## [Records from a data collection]

*** Block opens ***

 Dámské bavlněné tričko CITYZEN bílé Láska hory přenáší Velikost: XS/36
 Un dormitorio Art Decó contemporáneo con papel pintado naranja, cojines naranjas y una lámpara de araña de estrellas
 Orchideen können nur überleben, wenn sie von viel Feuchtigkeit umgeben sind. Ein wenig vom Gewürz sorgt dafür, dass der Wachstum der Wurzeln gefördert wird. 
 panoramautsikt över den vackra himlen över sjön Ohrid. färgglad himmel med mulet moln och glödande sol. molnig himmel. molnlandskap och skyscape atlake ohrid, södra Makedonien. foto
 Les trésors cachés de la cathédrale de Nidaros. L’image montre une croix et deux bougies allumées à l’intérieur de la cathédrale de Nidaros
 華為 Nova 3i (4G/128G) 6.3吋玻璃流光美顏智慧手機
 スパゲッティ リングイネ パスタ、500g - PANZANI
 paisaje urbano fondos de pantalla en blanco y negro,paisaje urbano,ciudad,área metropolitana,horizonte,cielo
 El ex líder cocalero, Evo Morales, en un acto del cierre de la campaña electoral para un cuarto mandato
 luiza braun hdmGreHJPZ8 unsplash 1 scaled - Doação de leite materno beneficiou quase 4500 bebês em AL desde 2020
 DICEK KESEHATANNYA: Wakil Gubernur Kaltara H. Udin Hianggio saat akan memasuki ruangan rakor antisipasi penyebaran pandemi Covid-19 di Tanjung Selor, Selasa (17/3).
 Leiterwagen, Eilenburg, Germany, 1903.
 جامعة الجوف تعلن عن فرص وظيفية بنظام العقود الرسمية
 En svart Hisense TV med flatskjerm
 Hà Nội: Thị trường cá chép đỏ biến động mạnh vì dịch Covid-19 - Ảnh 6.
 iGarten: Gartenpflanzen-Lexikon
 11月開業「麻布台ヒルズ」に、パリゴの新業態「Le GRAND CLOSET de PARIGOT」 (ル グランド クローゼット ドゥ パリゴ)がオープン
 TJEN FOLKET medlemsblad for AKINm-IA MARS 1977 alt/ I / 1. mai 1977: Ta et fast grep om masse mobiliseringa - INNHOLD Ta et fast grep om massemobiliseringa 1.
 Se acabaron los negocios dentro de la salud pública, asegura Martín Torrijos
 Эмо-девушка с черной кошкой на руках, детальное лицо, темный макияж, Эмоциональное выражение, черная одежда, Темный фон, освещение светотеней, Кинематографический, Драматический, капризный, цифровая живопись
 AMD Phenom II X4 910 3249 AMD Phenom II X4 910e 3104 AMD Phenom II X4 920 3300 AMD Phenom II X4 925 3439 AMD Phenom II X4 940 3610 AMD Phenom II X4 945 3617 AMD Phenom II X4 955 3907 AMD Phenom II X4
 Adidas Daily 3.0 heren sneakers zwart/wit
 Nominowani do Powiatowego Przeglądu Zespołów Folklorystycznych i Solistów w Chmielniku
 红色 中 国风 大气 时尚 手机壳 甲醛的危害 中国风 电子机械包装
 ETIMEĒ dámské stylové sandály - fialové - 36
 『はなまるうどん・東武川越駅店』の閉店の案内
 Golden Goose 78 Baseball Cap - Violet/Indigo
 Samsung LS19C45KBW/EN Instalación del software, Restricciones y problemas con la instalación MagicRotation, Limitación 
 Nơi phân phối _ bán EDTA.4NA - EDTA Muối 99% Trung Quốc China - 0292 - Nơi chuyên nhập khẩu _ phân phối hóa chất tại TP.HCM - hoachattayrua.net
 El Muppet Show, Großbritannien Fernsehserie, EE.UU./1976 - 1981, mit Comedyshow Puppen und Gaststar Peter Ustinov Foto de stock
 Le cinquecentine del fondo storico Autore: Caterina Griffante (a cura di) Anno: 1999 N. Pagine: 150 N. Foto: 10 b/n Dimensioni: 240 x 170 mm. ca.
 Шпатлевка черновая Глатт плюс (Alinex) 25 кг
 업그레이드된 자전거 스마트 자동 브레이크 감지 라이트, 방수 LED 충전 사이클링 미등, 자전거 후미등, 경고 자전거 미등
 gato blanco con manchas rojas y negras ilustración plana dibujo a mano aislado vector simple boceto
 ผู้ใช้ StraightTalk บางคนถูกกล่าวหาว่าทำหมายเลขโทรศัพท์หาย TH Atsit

*** Block closes ***

## [PROBLEM REQUIREMENTS]
Give the data back exactly as it stands.

## [ANSWER TO THE PROBLEM]
 Dámské bavlněné tričko CITYZEN bílé Láska hory přenáší Velikost: XS/36
 Un dormitorio Art Decó contemporáneo con papel pintado naranja, cojines naranjas y una lámpara de araña de estrellas
 Orchideen können nur überleben, wenn sie von viel Feuchtigkeit umgeben sind. Ein wenig vom Gewürz sorgt dafür, dass der Wachstum der Wurzeln gefördert wird. 
 panoramautsikt över den vackra himlen över sjön Ohrid. färgglad himmel med mulet moln och glödande sol. molnig himmel. molnlandskap och skyscape atlake ohrid, södra Makedonien. foto
 Les trésors cachés de la cathédrale de Nidaros. L’image montre une croix et deux bougies allumées à l’intérieur de la cathédrale de Nidaros
 華為 Nova 3i (4G/128G) 6.3吋玻璃流光美顏智慧手機
 スパゲッティ リングイネ パスタ、500g - PANZANI
 paisaje urbano fondos de pantalla en blanco y negro,paisaje urbano,ciudad,área metropolitana,horizonte,cielo
 El ex líder cocalero, Evo Morales, en un acto del cierre de la campaña electoral para un cuarto mandato
 luiza braun hdmGreHJPZ8 unsplash 1 scaled - Doação de leite materno beneficiou quase 4500 bebês em AL desde 2020
 DICEK KESEHATANNYA: Wakil Gubernur Kaltara H. Udin Hianggio saat akan memasuki ruangan rakor antisipasi penyebaran pandemi Covid-19 di Tanjung Selor, Selasa (17/3).
 Leiterwagen, Eilenburg, Germany, 1903.
 جامعة الجوف تعلن عن فرص وظيفية بنظام العقود الرسمية
 En svart Hisense TV med flatskjerm
 Hà Nội: Thị trường cá chép đỏ biến động mạnh vì dịch Covid-19 - Ảnh 6.
 iGarten: Gartenpflanzen-Lexikon
 11月開業「麻布台ヒルズ」に、パリゴの新業態「Le GRAND CLOSET de PARIGOT」 (ル グランド クローゼット ドゥ パリゴ)がオープン
 TJEN FOLKET medlemsblad for AKINm-IA MARS 1977 alt/ I / 1. mai 1977: Ta et fast grep om masse mobiliseringa - INNHOLD Ta et fast grep om massemobiliseringa 1.
 Se acabaron los negocios dentro de la salud pública, asegura Martín Torrijos
 Эмо-девушка с черной кошкой на руках, детальное лицо, темный макияж, Эмоциональное выражение, черная одежда, Темный фон, освещение светотеней, Кинематографический, Драматический, капризный, цифровая живопись
 AMD Phenom II X4 910 3249 AMD Phenom II X4 910e 3104 AMD Phenom II X4 920 3300 AMD Phenom II X4 925 3439 AMD Phenom II X4 940 3610 AMD Phenom II X4 945 3617 AMD Phenom II X4 955 3907 AMD Phenom II X4
 Adidas Daily 3.0 heren sneakers zwart/wit
 Nominowani do Powiatowego Przeglądu Zespołów Folklorystycznych i Solistów w Chmielniku
 红色 中 国风 大气 时尚 手机壳 甲醛的危害 中国风 电子机械包装
 ETIMEĒ dámské stylové sandály - fialové - 36
 『はなまるうどん・東武川越駅店』の閉店の案内
 Golden Goose 78 Baseball Cap - Violet/Indigo
 Samsung LS19C45KBW/EN Instalación del software, Restricciones y problemas con la instalación MagicRotation, Limitación 
 Nơi phân phối _ bán EDTA.4NA - EDTA Muối 99% Trung Quốc China - 0292 - Nơi chuyên nhập khẩu _ phân phối hóa chất tại TP.HCM - hoachattayrua.net
 El Muppet Show, Großbritannien Fernsehserie, EE.UU./1976 - 1981, mit Comedyshow Puppen und Gaststar Peter Ustinov Foto de stock
 Le cinquecentine del fondo storico Autore: Caterina Griffante (a cura di) Anno: 1999 N. Pagine: 150 N. Foto: 10 b/n Dimensioni: 240 x 170 mm. ca.
 Шпатлевка черновая Глатт плюс (Alinex) 25 кг
 업그레이드된 자전거 스마트 자동 브레이크 감지 라이트, 방수 LED 충전 사이클링 미등, 자전거 후미등, 경고 자전거 미등
 gato blanco con manchas rojas y negras ilustración plana dibujo a mano aislado vector simple boceto
 ผู้ใช้ StraightTalk บางคนถูกกล่าวหาว่าทำหมายเลขโทรศัพท์หาย TH Atsit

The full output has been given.